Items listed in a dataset

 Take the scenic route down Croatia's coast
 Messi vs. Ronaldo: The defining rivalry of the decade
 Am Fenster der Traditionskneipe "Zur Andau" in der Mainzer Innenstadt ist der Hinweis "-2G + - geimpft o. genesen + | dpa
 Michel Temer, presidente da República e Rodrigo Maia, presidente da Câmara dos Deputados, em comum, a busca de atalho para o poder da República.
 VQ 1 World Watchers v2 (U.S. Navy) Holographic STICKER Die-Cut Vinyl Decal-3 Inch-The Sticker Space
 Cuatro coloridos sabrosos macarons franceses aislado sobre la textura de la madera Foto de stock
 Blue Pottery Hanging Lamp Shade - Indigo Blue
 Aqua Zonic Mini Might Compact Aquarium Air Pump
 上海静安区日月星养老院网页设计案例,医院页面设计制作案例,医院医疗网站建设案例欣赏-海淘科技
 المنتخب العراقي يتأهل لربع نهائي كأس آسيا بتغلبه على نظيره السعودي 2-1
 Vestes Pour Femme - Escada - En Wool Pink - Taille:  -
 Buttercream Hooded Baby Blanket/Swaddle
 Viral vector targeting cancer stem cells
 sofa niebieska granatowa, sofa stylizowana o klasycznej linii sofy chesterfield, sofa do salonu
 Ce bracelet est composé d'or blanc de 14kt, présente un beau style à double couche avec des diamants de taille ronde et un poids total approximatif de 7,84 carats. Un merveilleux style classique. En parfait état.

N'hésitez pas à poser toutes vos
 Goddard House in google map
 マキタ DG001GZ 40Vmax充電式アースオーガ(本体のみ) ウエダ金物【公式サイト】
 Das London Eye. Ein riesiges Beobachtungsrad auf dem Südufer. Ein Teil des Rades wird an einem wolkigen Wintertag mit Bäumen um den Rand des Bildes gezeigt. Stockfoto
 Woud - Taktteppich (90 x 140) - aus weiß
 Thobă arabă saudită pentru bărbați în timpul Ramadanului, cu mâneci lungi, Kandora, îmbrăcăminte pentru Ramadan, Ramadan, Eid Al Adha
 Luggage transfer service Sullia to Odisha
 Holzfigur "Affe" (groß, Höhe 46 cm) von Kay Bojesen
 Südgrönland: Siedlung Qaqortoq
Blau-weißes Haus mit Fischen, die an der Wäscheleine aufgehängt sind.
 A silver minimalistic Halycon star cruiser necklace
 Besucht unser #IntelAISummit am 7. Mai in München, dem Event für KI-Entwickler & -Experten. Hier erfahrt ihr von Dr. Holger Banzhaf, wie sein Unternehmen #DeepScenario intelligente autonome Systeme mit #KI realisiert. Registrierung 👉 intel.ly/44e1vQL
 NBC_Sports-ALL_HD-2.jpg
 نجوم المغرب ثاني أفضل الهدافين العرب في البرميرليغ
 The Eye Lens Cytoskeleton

### [About this exercise]
Among the records above, a stretch begins at the line containing "Thobă arabă saudită" and ends at the line containing "Südgrönland: Siedlung Qaqortoq". Restate that stretch word for word, and nothing else.

### [Output for this task]
 Thobă arabă saudită pentru bărbați în timpul Ramadanului, cu mâneci lungi, Kandora, îmbrăcăminte pentru Ramadan, Ramadan, Eid Al Adha
 Luggage transfer service Sullia to Odisha
 Holzfigur "Affe" (groß, Höhe 46 cm) von Kay Bojesen
 Südgrönland: Siedlung Qaqortoq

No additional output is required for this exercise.